Associations between serum H. pylori specific seropositive antibodies and H. pylori eradication outcomes were estimated by odds ratios (ORs) and 95% confidence interval (95% CI) using unconditional multiple logistic regression adjusting age and gender. The Bonferroni correction was applied to recognize P values at <0.005 (0.05/10 markers). Education, smoking, and drinking were evaluated as the potential confounders but not included in the final models, because they did not substantially alter the risk estimates (data not shown). We calculated Spearman’s correlation coefficients (r) to assess colinearity between different H. pylori specific antibodies. Tests for linear trend were performed by entering the categorical variables as continuous parameters in the models. Effect modification by specific antibodies was calculated using a likelihood ratio test to compare models with and without interaction terms. All statistical analyses were conducted with SAS software (Version 9.4; SAS Institute Inc., Cary, NC, USA).
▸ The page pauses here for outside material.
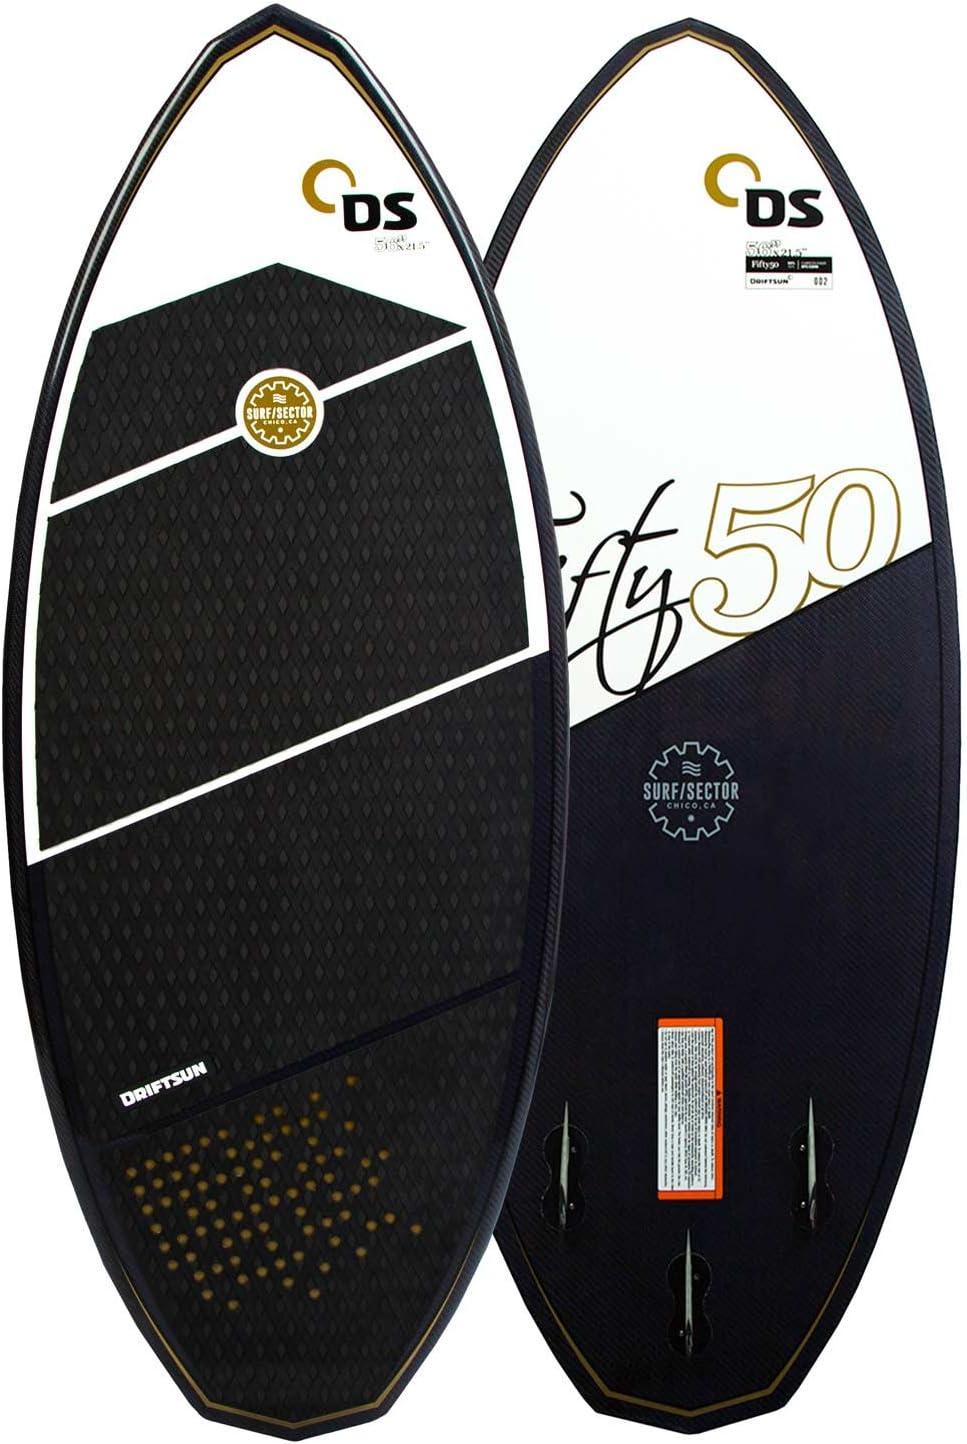 Driftsun Fifty-50 Wakesurf Planche de réveil Motif Skim sur Mesure 10,2 m 22,9 cm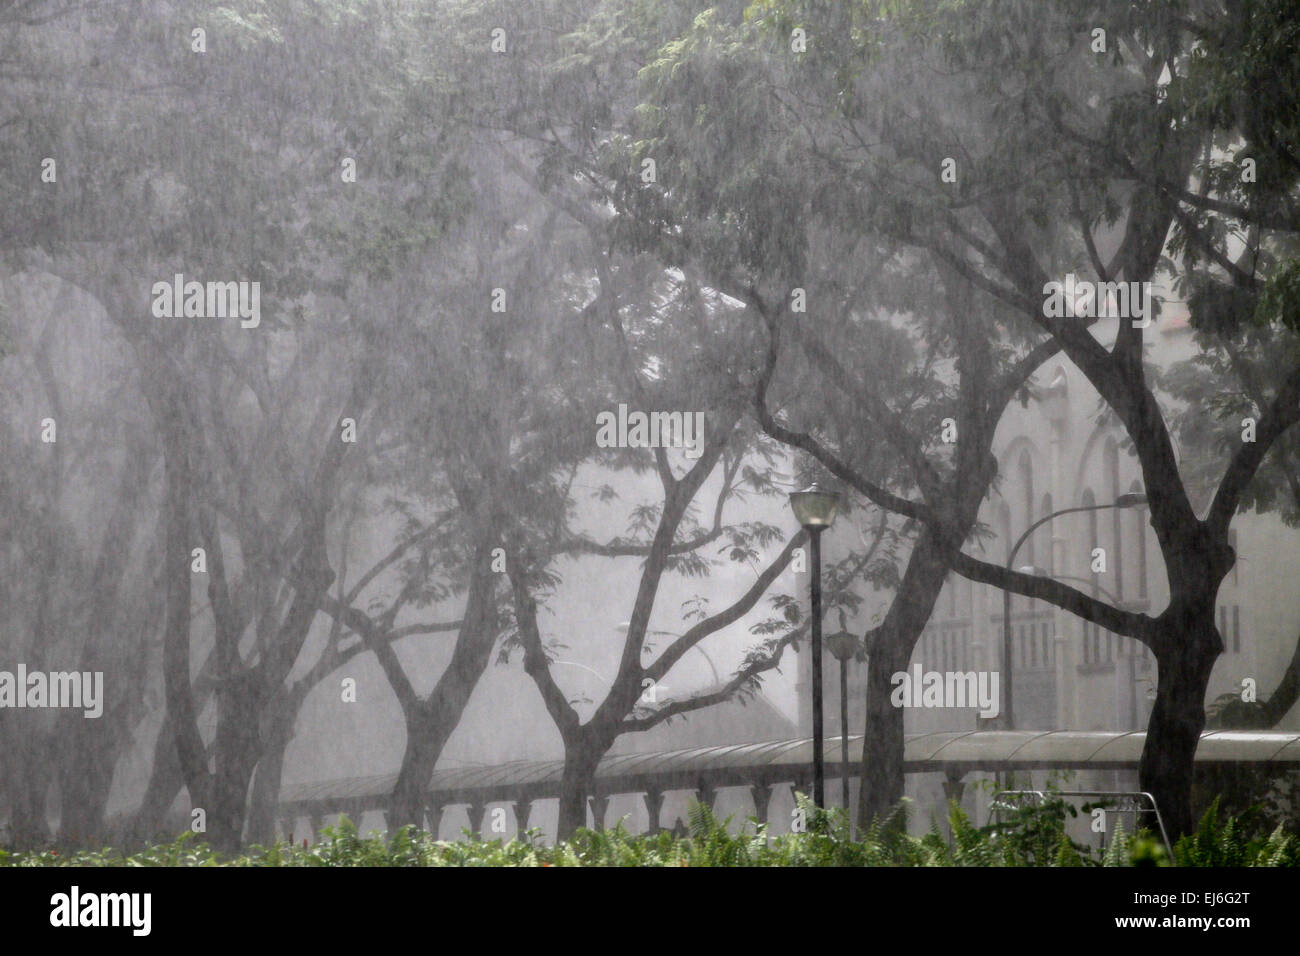 Monsoon rainstorm in Singapore - Stock Image

A total of 529 trial participants were included in the present study with a median age of 43.0 years old at baseline. The dominant trial participants were female (57.8%), non-smokers (64.5%), non-drinkers (57.8%), and had low education background (80.2% with elementary school education or less). Among the three active anti-H. pylori treatment groups and placebo group, participants in failed eradication group were younger (P=0.004) and male (P=0.016) (Table 1). No statistically significant differences were observed for education, smoking and drinking between groups (P>0.05).
The dynamic changes of total anti-H. pylori IgG titers were compared among different groups during the 7.3-year follow-up (Figure 1). The medians of IgG titers at baseline in 1995 showed no significant difference among four groups (3.2 in placebo, 2.8 in failed eradication, 2.9 in sustainably eradicated, and 3.0 in recurrence group, P=0.142) (Supplementary Table 1). However, after treatment, the medians of IgG titers remained at the highest levels in the placebo group throughout the follow-up period (3.1 at 1-year, 4.2 at 2-year and 4.9 at 7.3-year after treatment, respectively). Similar trend was also observed in failed eradication group (2.5 at 1-year, 3.3 at 2-year and 3.9 at 7.3-year). For subjects in sustainably eradicated group, the medians of IgG titers declined rapidly from 2.9 at baseline to 0.7 at 1-year after successful eradication, remaining at 0.6 both at 2- and 7.3-year after treatment. On the contrary, the medians of IgG titers in recurrence group dropped to 1.2 (slightly higher than the cutoff value of 1.0) at 1-year, 1.3 at 2-year and 2.0 at 7.3-year after treatment, respectively.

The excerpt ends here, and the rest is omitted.